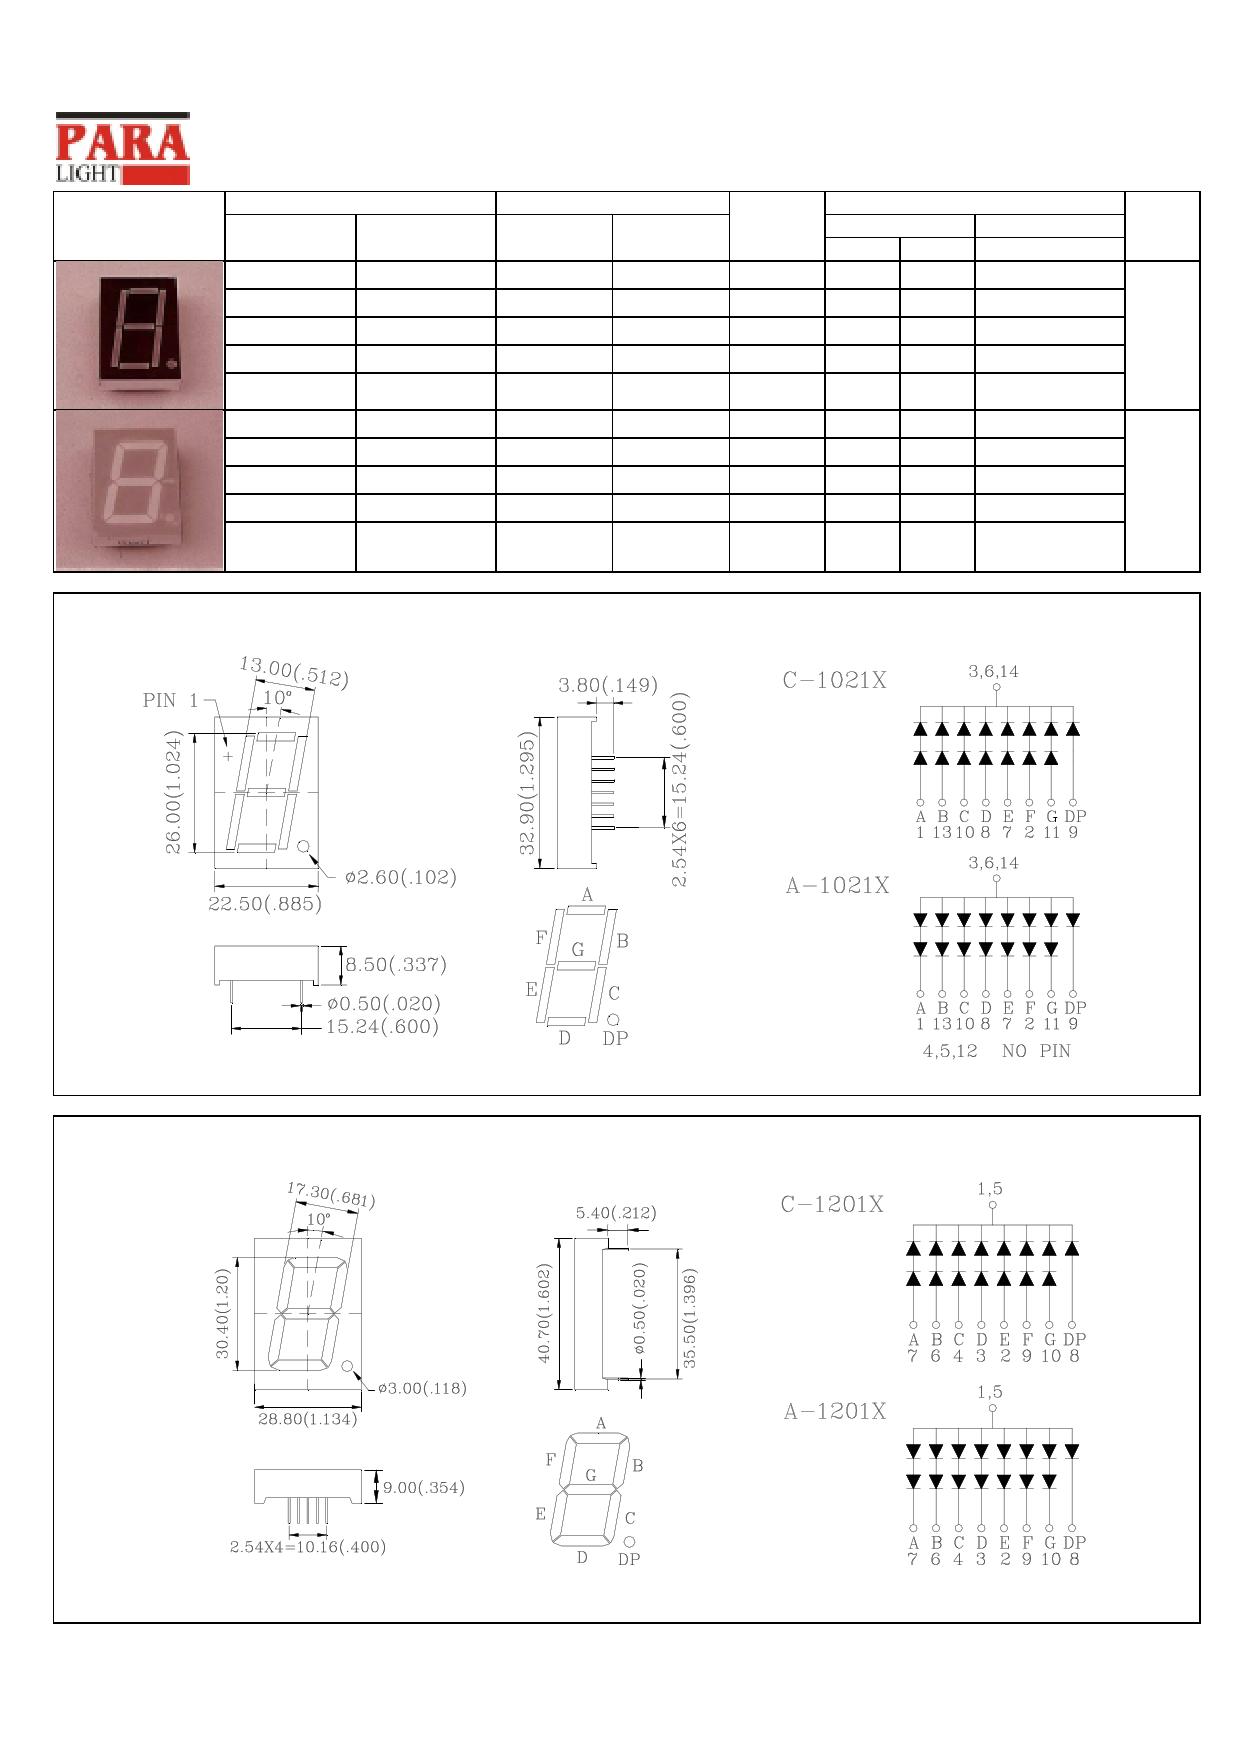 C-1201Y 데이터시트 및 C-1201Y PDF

--------------------

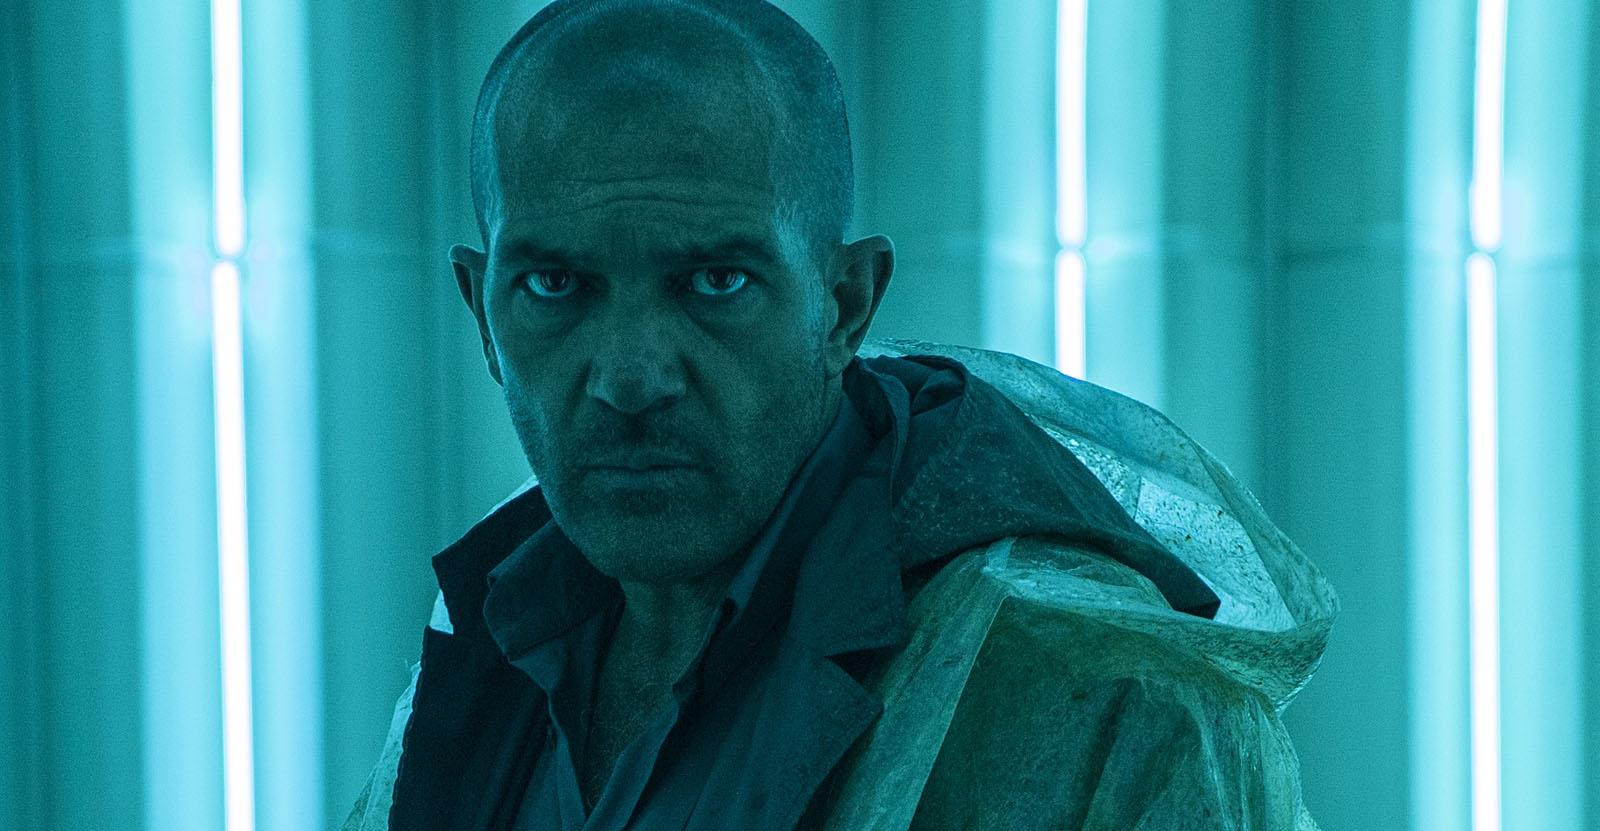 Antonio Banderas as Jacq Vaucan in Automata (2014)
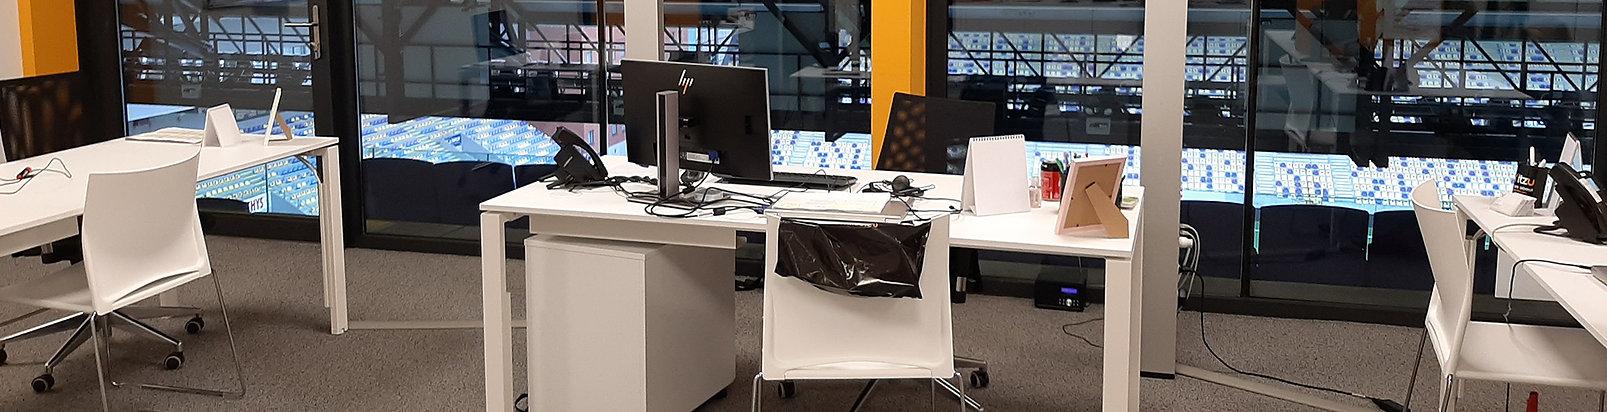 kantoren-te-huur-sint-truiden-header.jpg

--------------------

About this exercise: What you return must match the lines above from the one with "Antonio Banderas as" through the one with "kantoren-te-huur-sint-truiden-header.jpg" exactly, with both ends included and the pictures excluded.

Exercise output:
 Antonio Banderas as Jacq Vaucan in Automata (2014)
 kantoren-te-huur-sint-truiden-header.jpg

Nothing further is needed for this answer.